▸ MATERIAL SUPPLIED:

──────────────────────────────

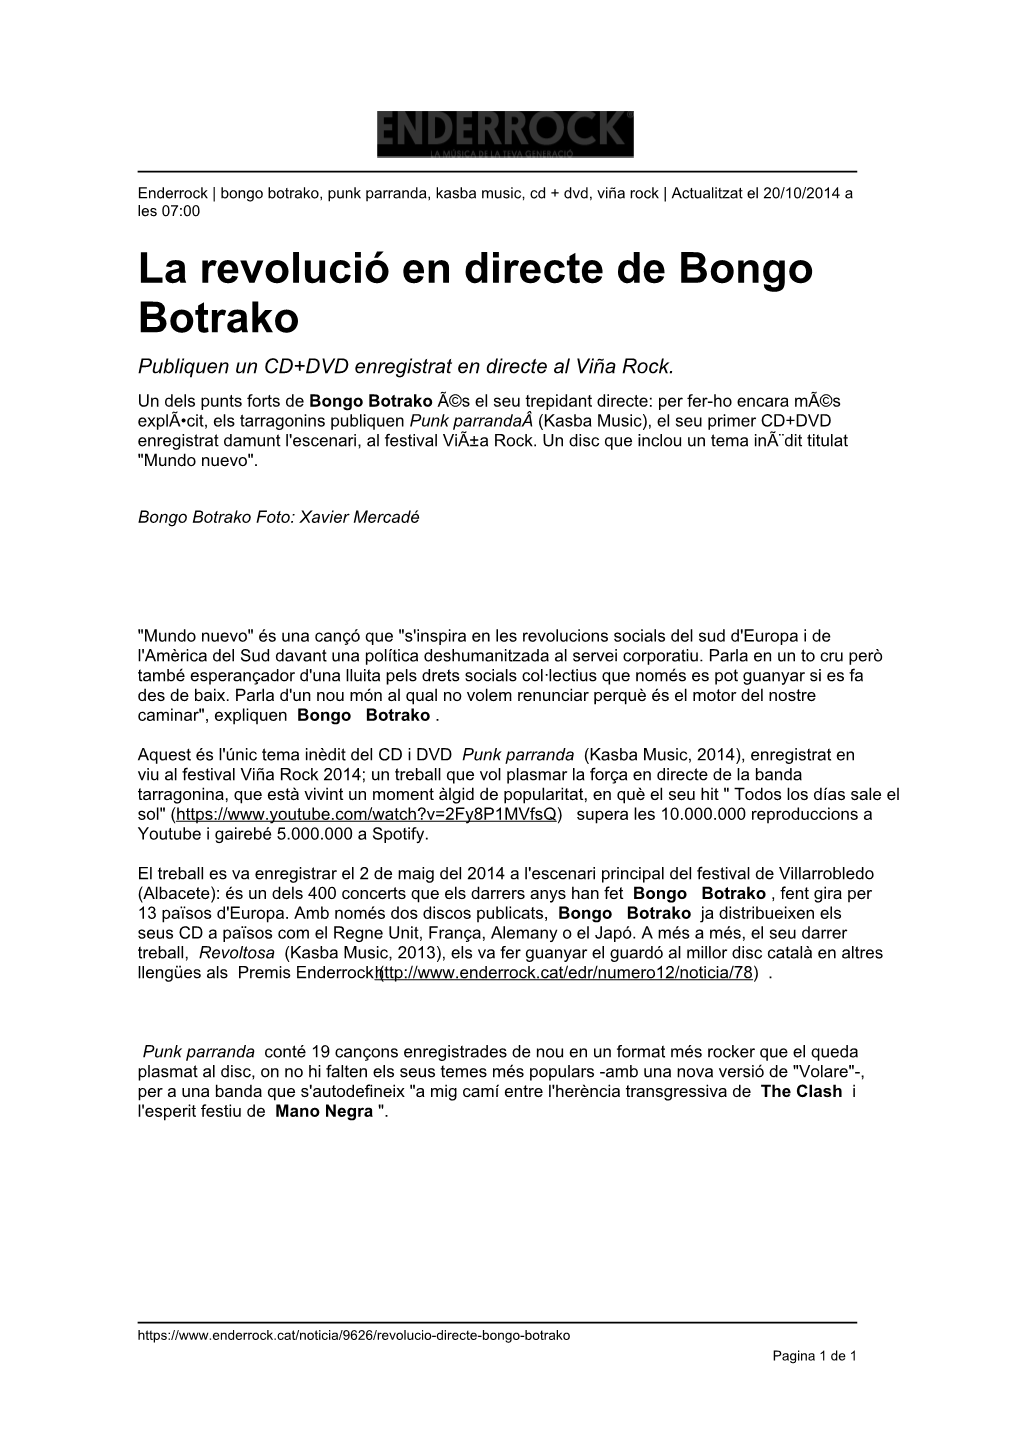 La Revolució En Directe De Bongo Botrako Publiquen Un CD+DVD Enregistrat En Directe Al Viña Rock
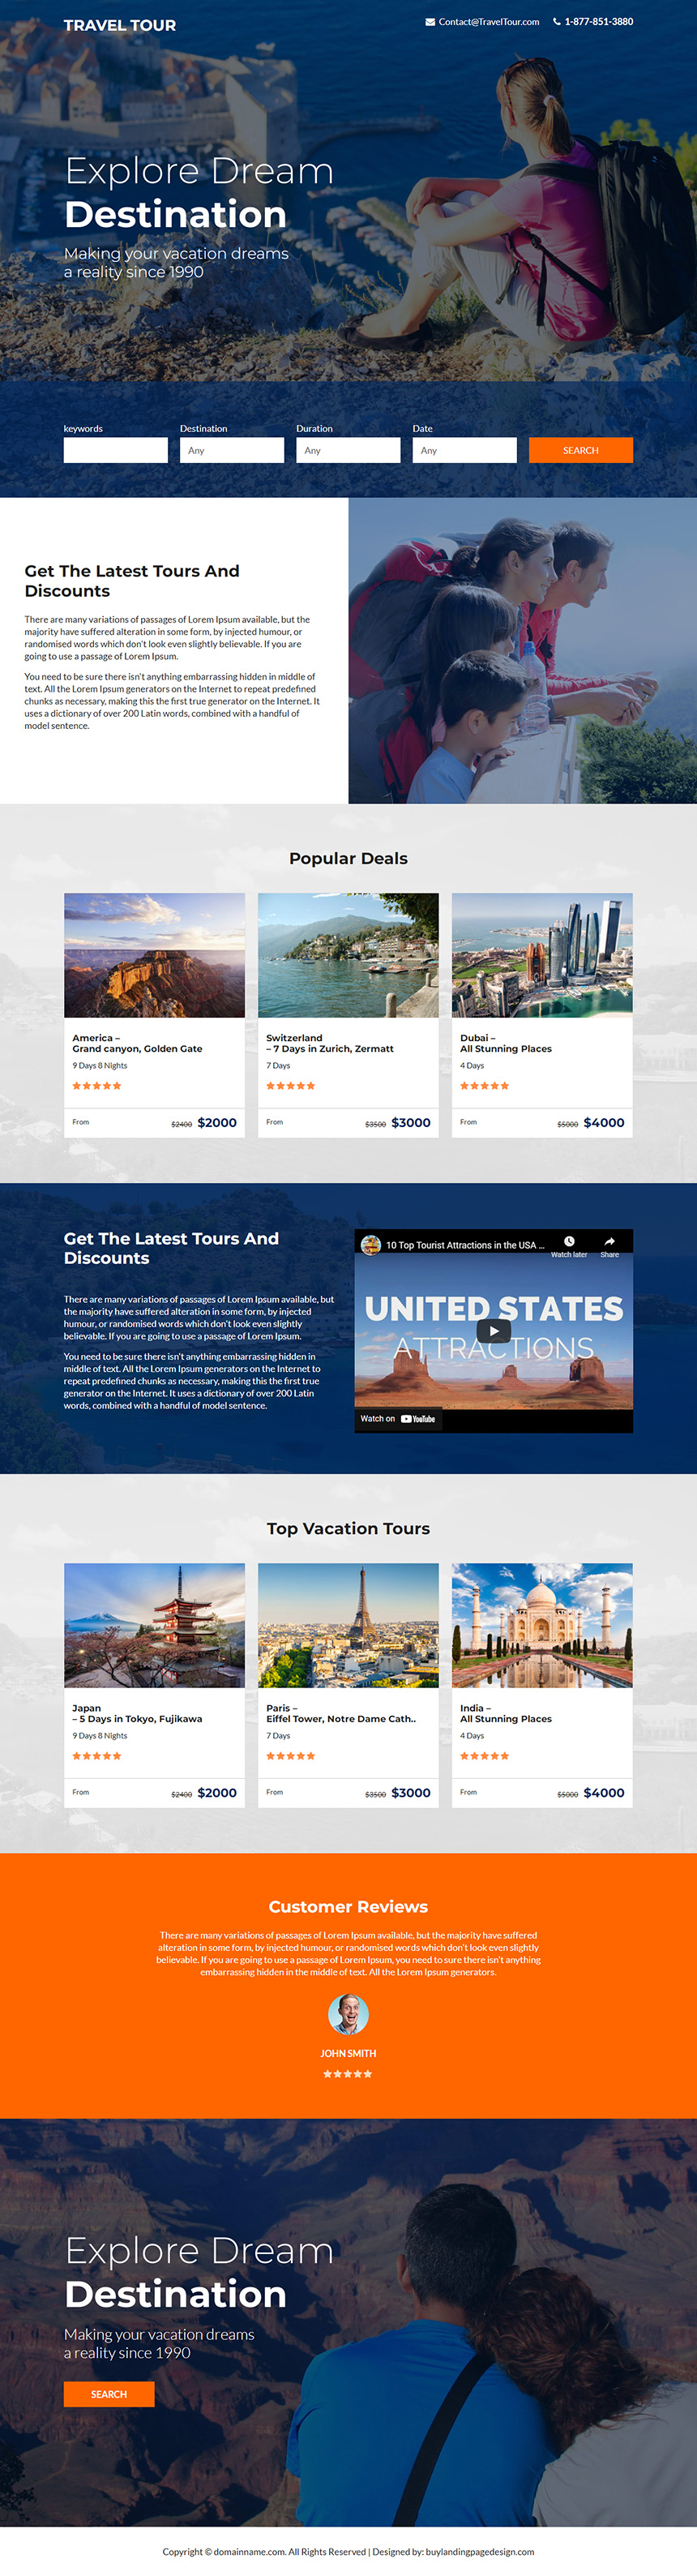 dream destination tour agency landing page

──────────────────────────────

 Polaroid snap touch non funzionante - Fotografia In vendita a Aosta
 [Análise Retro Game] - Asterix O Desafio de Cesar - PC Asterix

──────────────────────────────

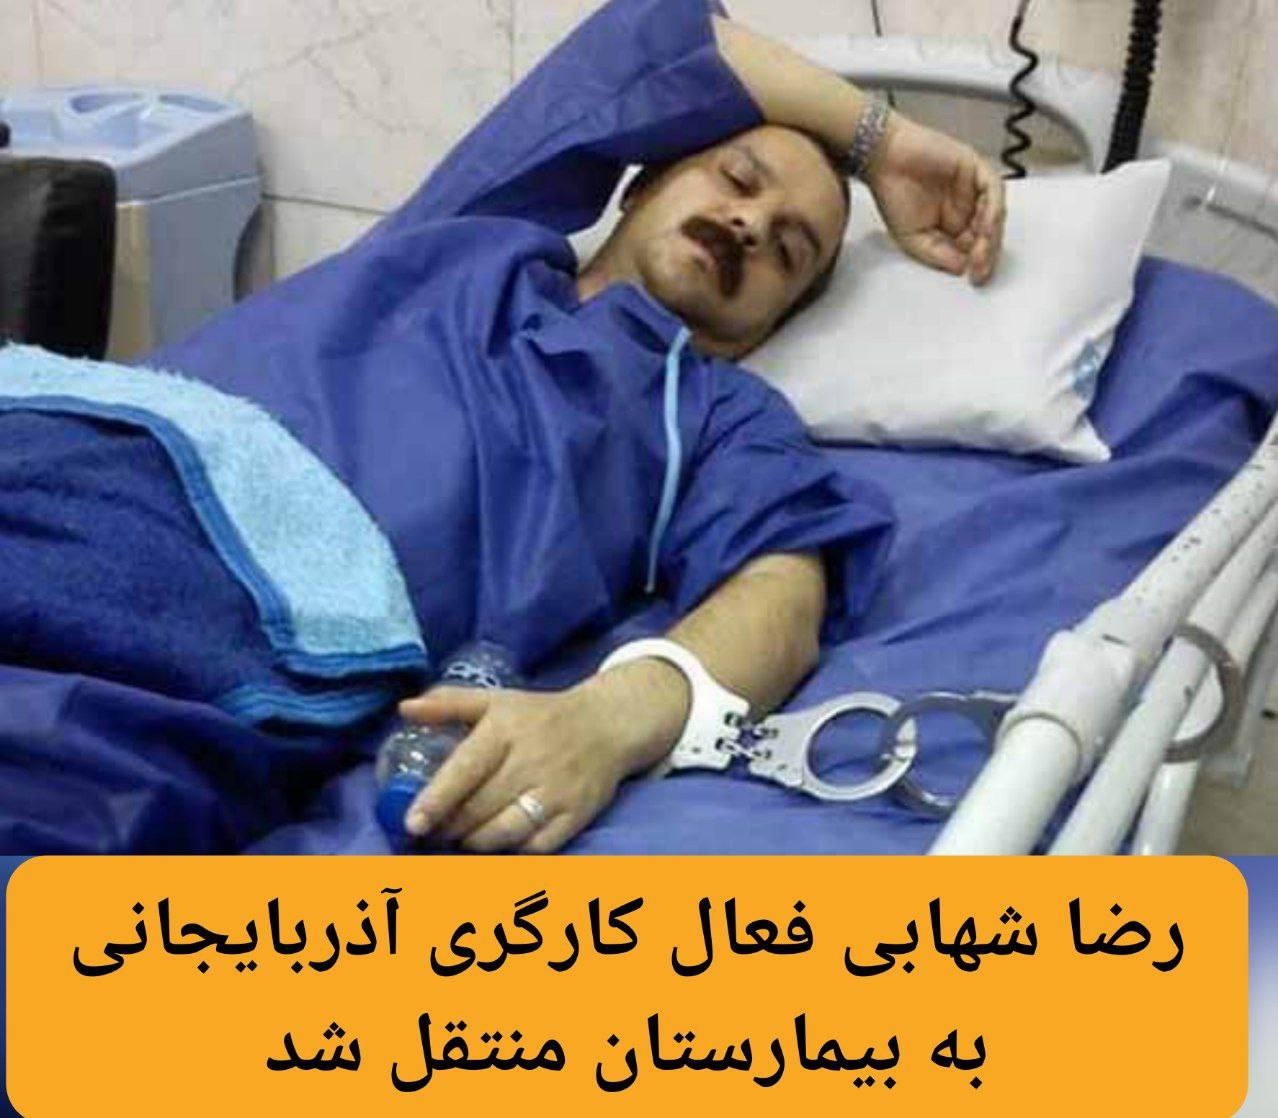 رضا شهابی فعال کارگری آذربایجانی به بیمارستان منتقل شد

──────────────────────────────

Above are some records; copy exactly the lines from the one with "Polaroid snap touch" through the one with "[Análise Retro Game]", both included, and no others.

▸ WRITTEN SOLUTION:
 Polaroid snap touch non funzionante - Fotografia In vendita a Aosta
 [Análise Retro Game] - Asterix O Desafio de Cesar - PC Asterix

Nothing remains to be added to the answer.